Indeks WIG-banki spada dzisiaj o 0,8 proc., do 7316 pkt, najniższego poziomu od połowy lipca. Przez ostatnie 10 sesji stracił prawie 6,5 proc. Od początku roku stracił 14 proc., a od szczytu z połowy stycznia – o ponad 20 proc.

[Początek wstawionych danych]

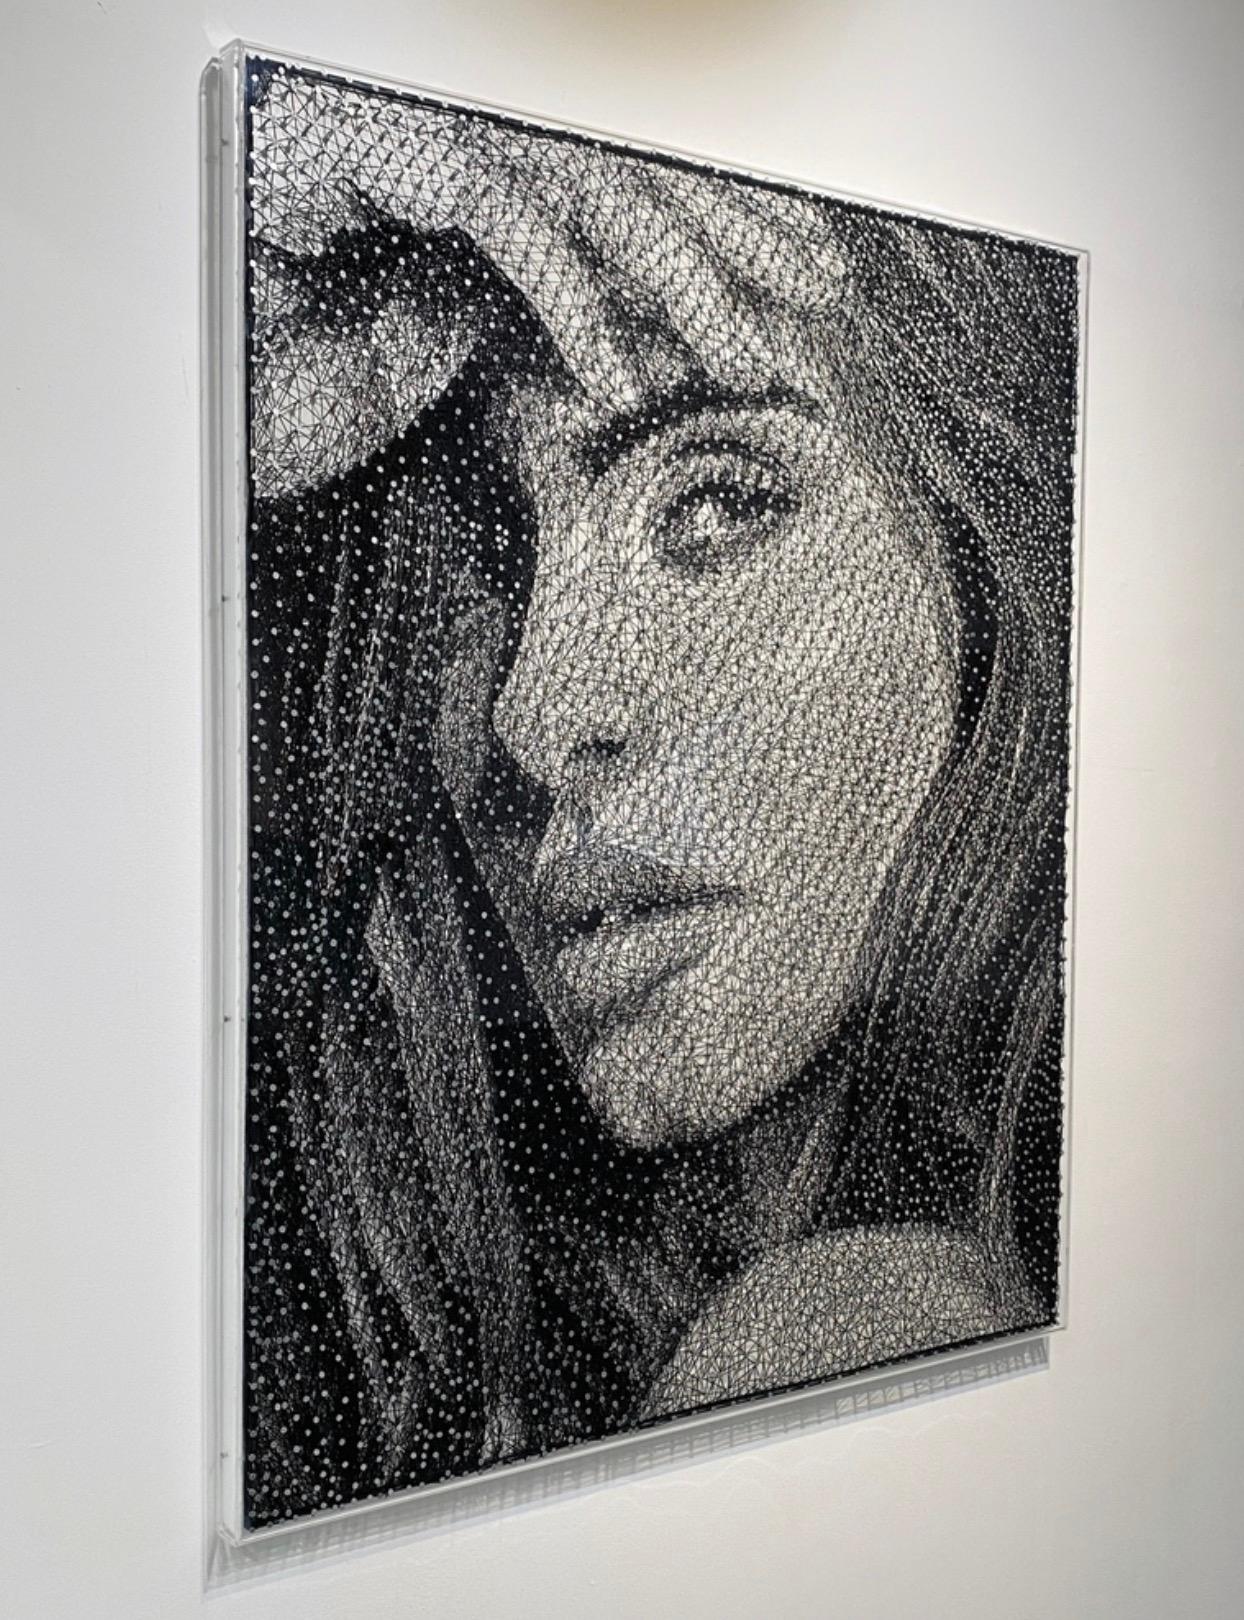 Thread is expertly wrapped around embedded nails to create a beautiful portrait of a woman. The distinct medium uses layering and gradients to create a unique sense of depth and texture.

In the latest series, inspired by media, pop culture, and

Wśród spadkowiczów są największe banki: PKO BP, które traci 2,1 proc. i kurs spadł do 38,78 zł (przez 10 sesji osunął się 8,2 proc.) oraz Pekao, którego akcje tanieją o 0,3 proc., do 101,85 zł. Zachowanie ich kursów w ostatnich latach i miesiącach było jednak diametralnie różne. PKO BP, jako największy i najbardziej płynny bank w Polsce, zyskiwał w obliczu napływów środków inwestorów zagranicznych na GPW, stawał się dla nich sposobem budowania ekspozycji na silną polską gospodarkę. Kurs akcji PKO BP rósł szczególnie w 2017 r. (aż o 47 proc.) także na fali oczekiwań podwyżek stóp procentowych, które jednak nie nastąpiły i kurs osłabiał się – podobnie jak innych banków – w tym roku. Z Pekao było odwrotnie – kurs spadał lub poruszał się w trendzie bocznym a wskaźniki wyceny banku żubrem w logo obniżały się (w PKO BP z kolei rosły i teraz to ten bank notowany jest z premią do swego konkurenta – przez lata było odwrotnie). Przez rok kurs akcji Pekao spadł o ponad 14 proc., do 102 zł za akcję, czyli poziomu najniższego od kilku lat.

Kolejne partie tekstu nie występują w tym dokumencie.